Emaneti ehline vermek liyakat sahibi kişilerin işin başına getirilmesi demektir. Liyakat, İslam kamu hukukunun öngördüğü çerçevede de mutlak bir zorunluluktur.  Gerek Türklerin devlet geleneğinde gerekse İslam’ın asrı saadet döneminde görevlendirmelerde liyakat esas alınmıştır. Allah Resulünün (sav) gerek Mekke ve gerekse Medine dönemindeki uygulamalarında bunu açık olarak görebiliriz. İslam’a davet için gönderdiği elçiler, seriyye ve gazvelerde tayin edilen kumandanlar, İslam’ı öğretmek için gönderilen muallimlerin hepsi liyakat esasına göre seçilmişlerdir.

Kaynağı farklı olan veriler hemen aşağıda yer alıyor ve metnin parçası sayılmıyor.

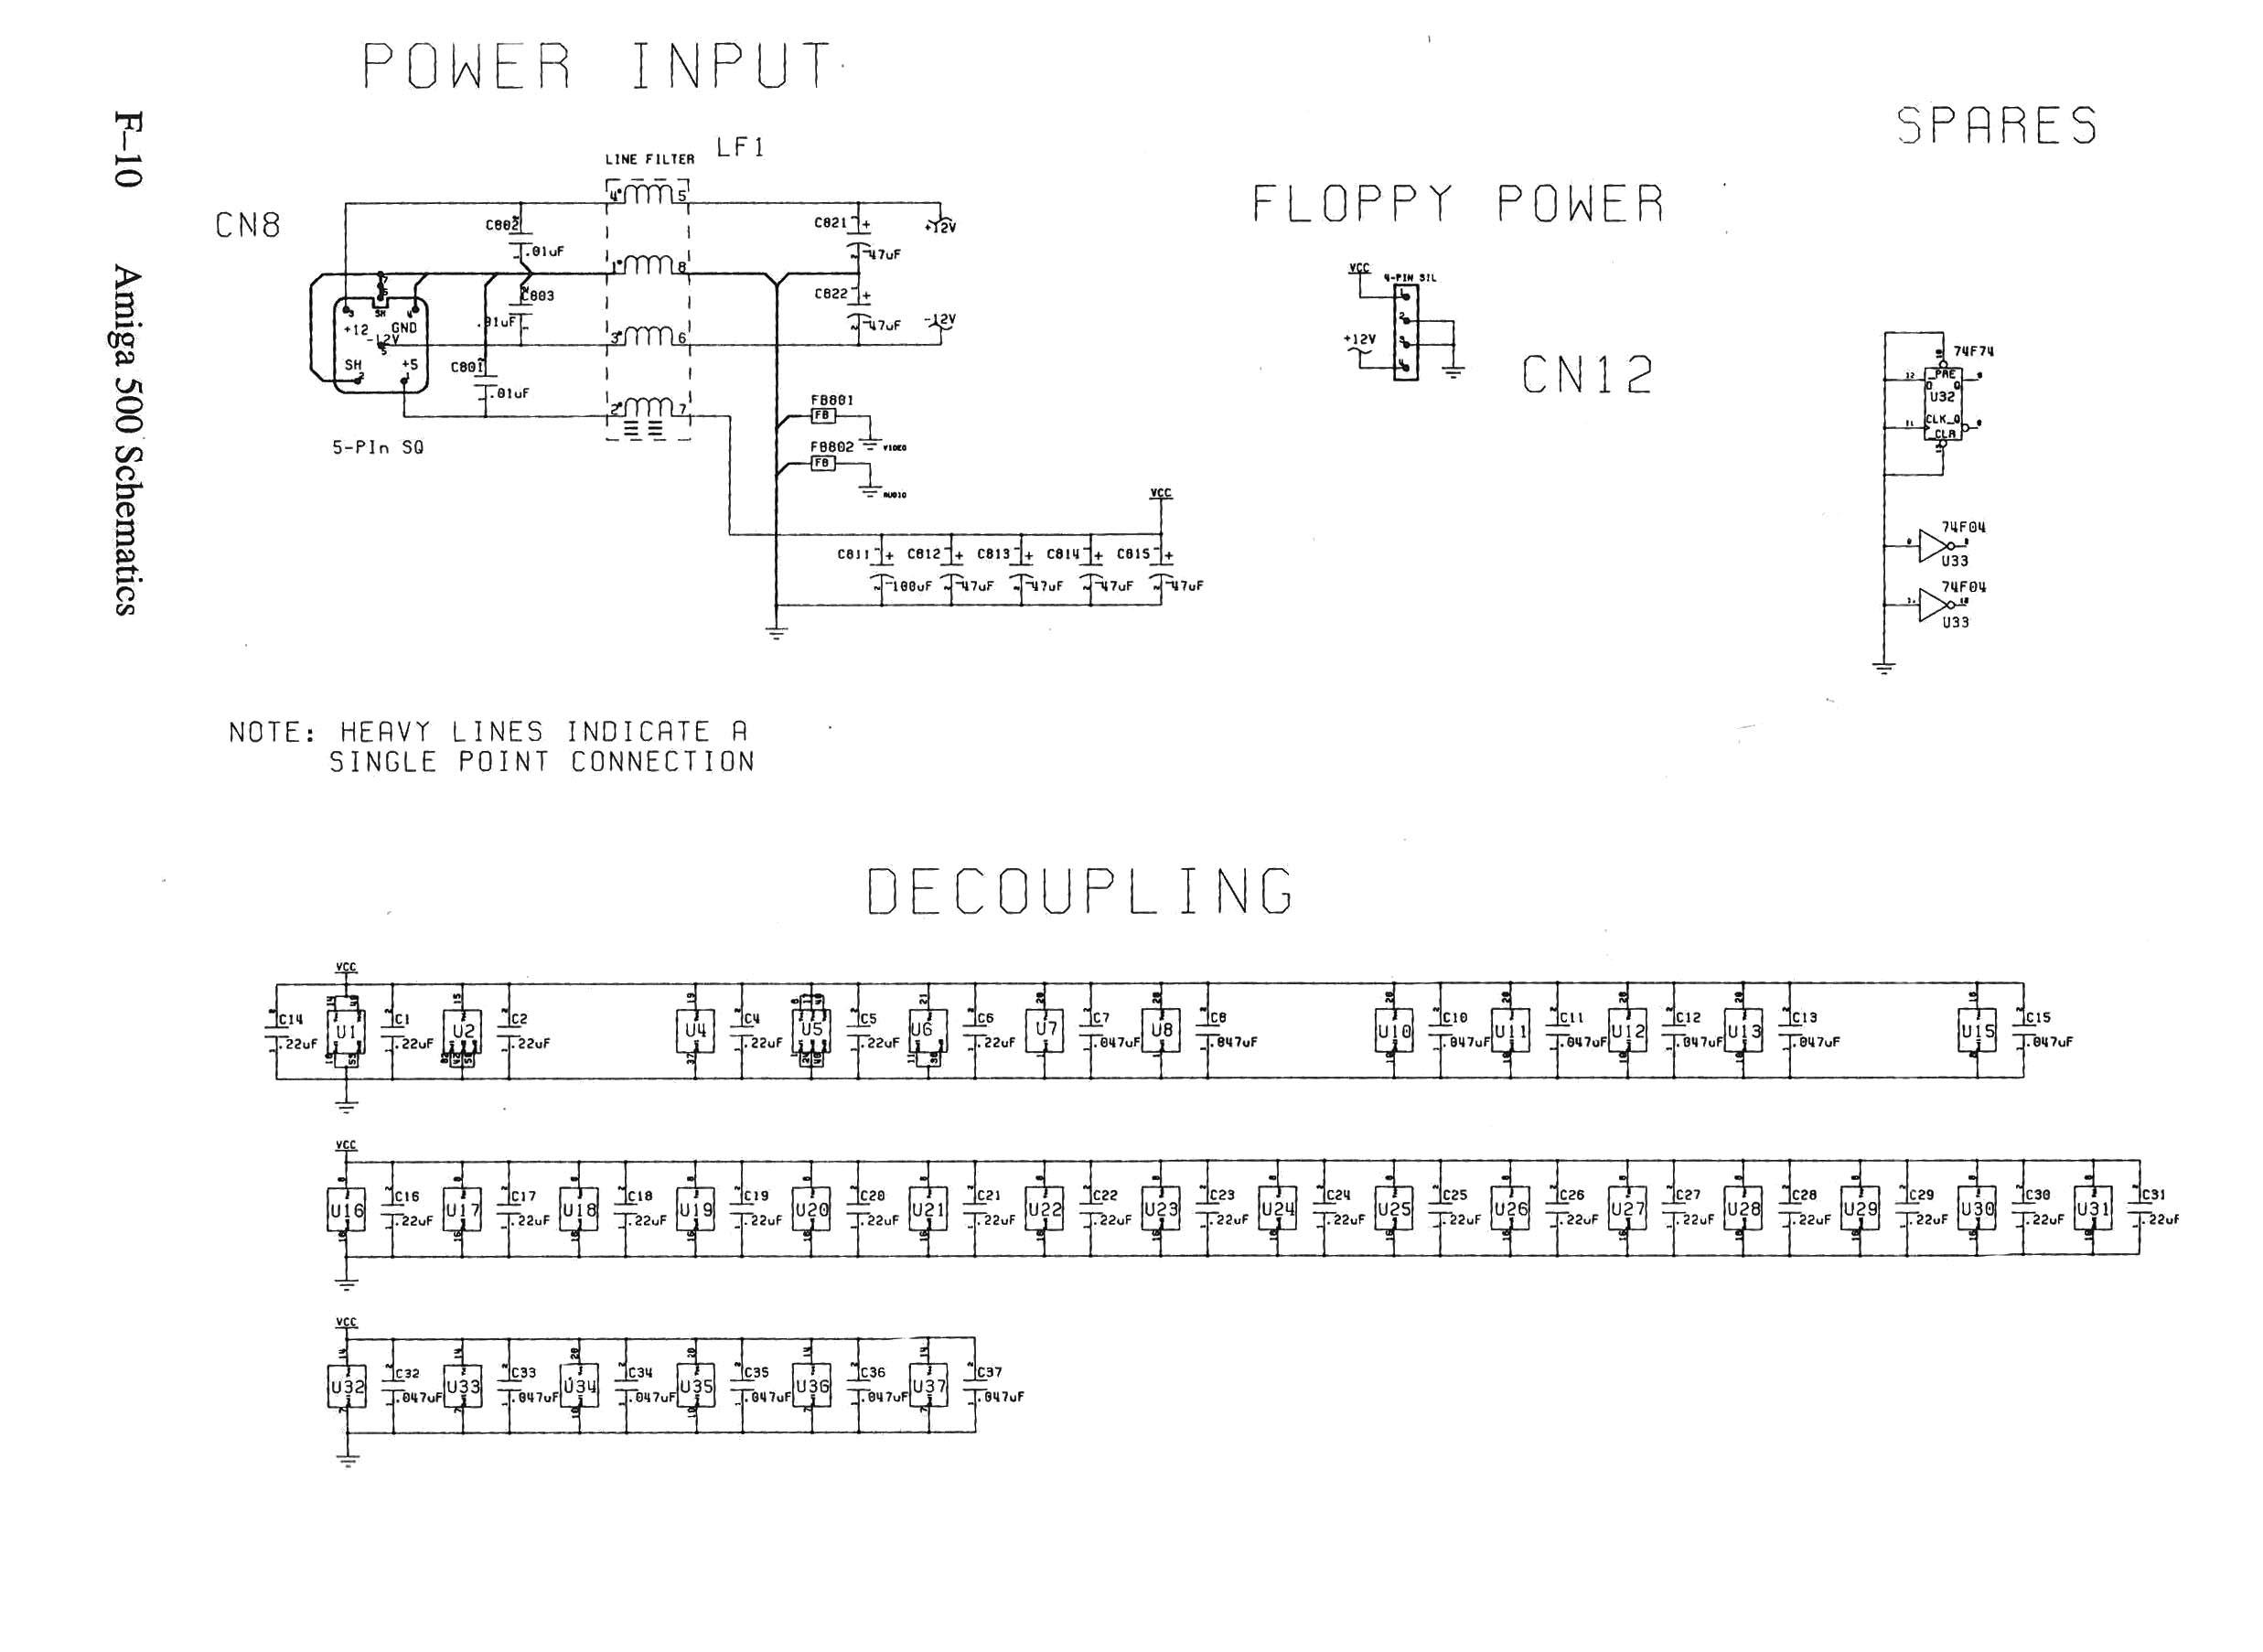 A500 Power Connector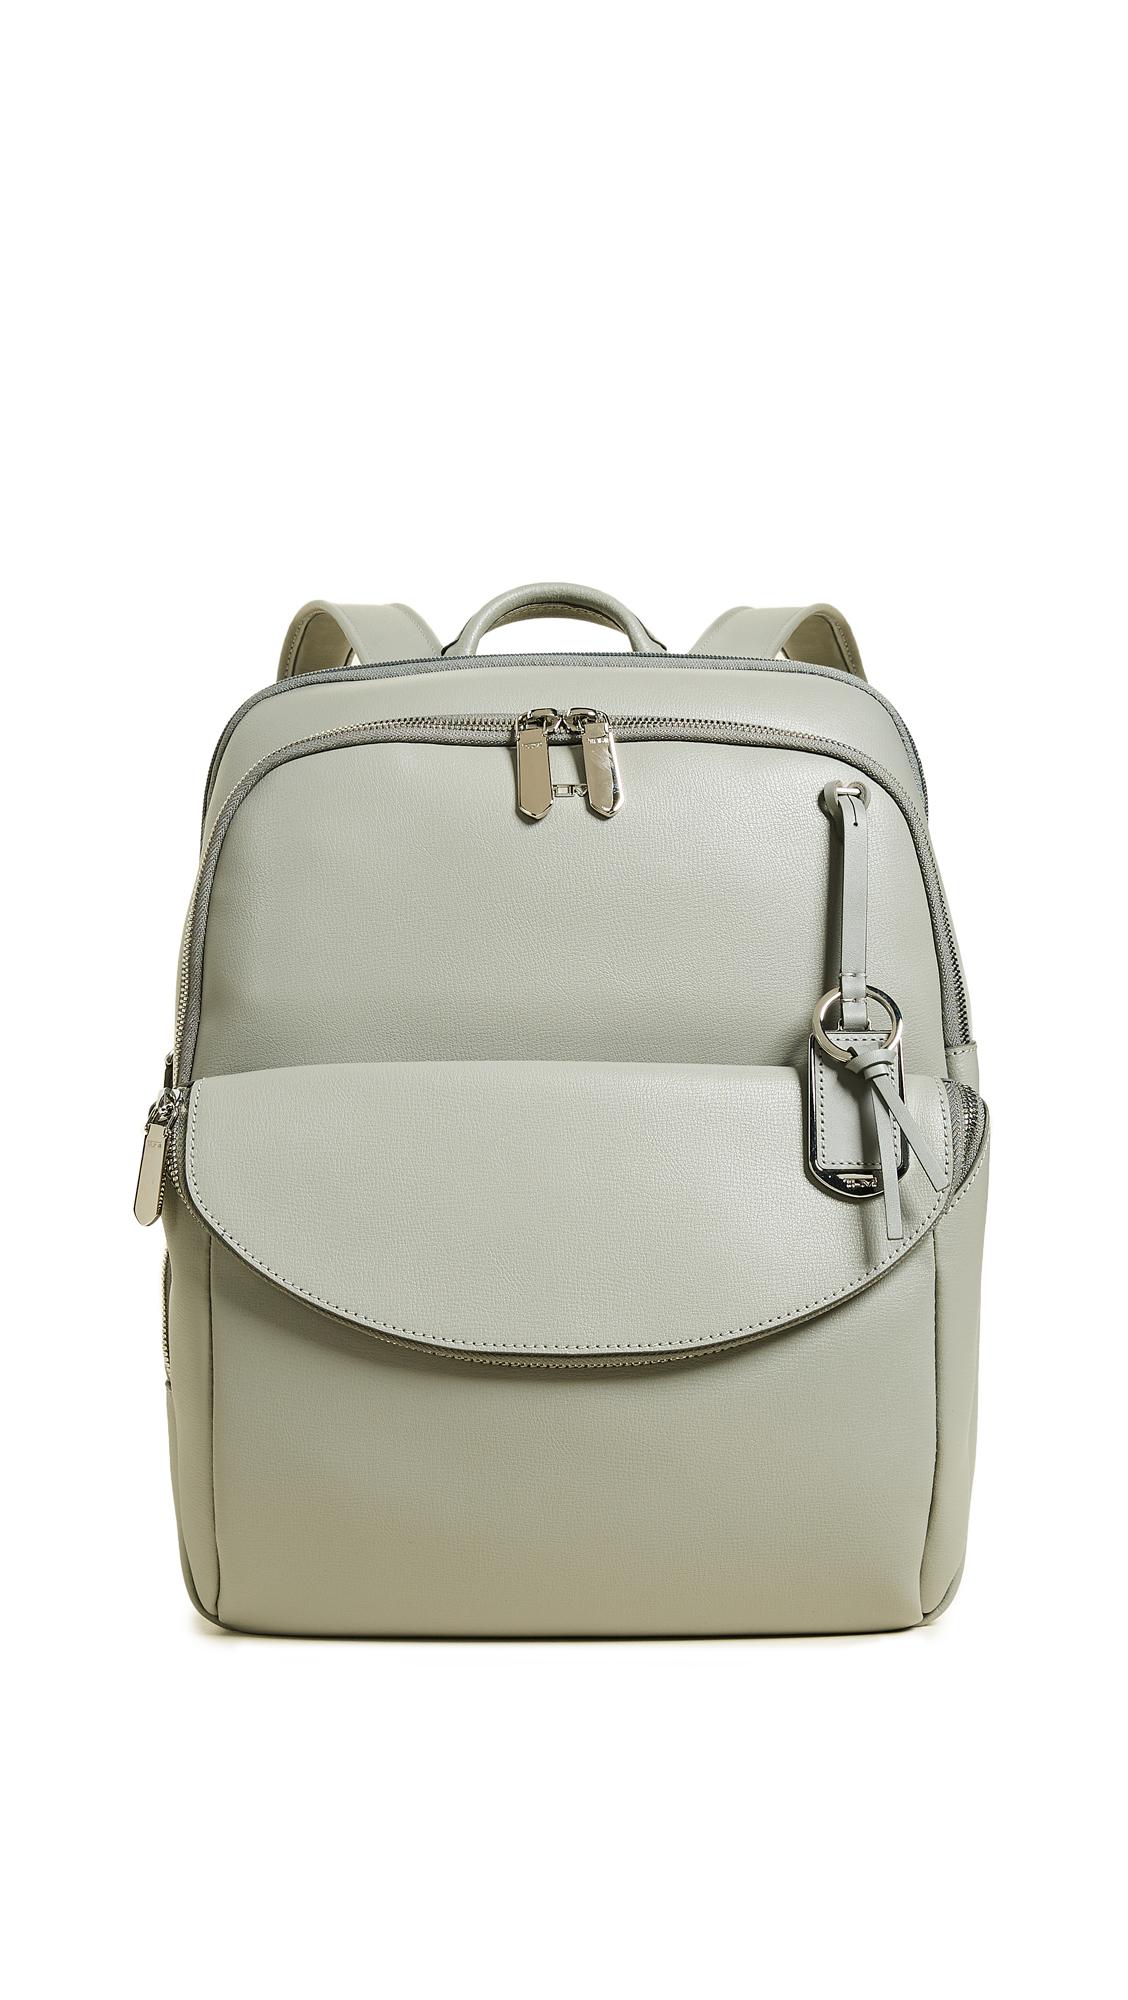 Tumi Hettie Backpack - Light Grey

Kâbe’nin Anahtarı Osman B. Talha’ya Verildi

 

Mekke’nin fethi günü, Hz. Peygamber, ordusunun başında muzaffer bir lider olarak Kâbe’ye gelmiş ve kapının açılmasını istemiştir. Cahiliye döneminde de kutsal bilinen ve hizmetinde olmak için insanların yarıştığı Kâbe’nin anahtarı Osman b. Talha adlı birindedir. Bu, yıllardan beri babadan oğula geçerek devam eden bir görevdir. Henüz atalarının dini üzere olan Osman b. Talha anahtarı getirerek kendi elleriyle Hz. Peygamber’e teslim eder. O anda bu şerefli görevin kendilerine geçmesini isteyen birçok Müslüman vardır ve bunlar arasında Hz. Peygamber’in en yakınları da bulunmaktadır. 

Fakat Hz. Peygamber Kâbe’yi açtırıp içindeki putları temizletip şükür için iki rekât namaz kıldıktan sonra henüz Allah’a teslimiyetini dahi açıklamamış olan eski sahibine anahtarı uzatır. Bu, orada bulunan birçoklarının arzusunu kursağında bırakmış olsa da başta Osman b. Talha olmak üzere birçok Kureyşli’nin, Hz. Peygamber’in, görev dağılımında “yakın” olmayı değil “ehliyet” ve “liyakati” esas aldığını görmelerini sağlar.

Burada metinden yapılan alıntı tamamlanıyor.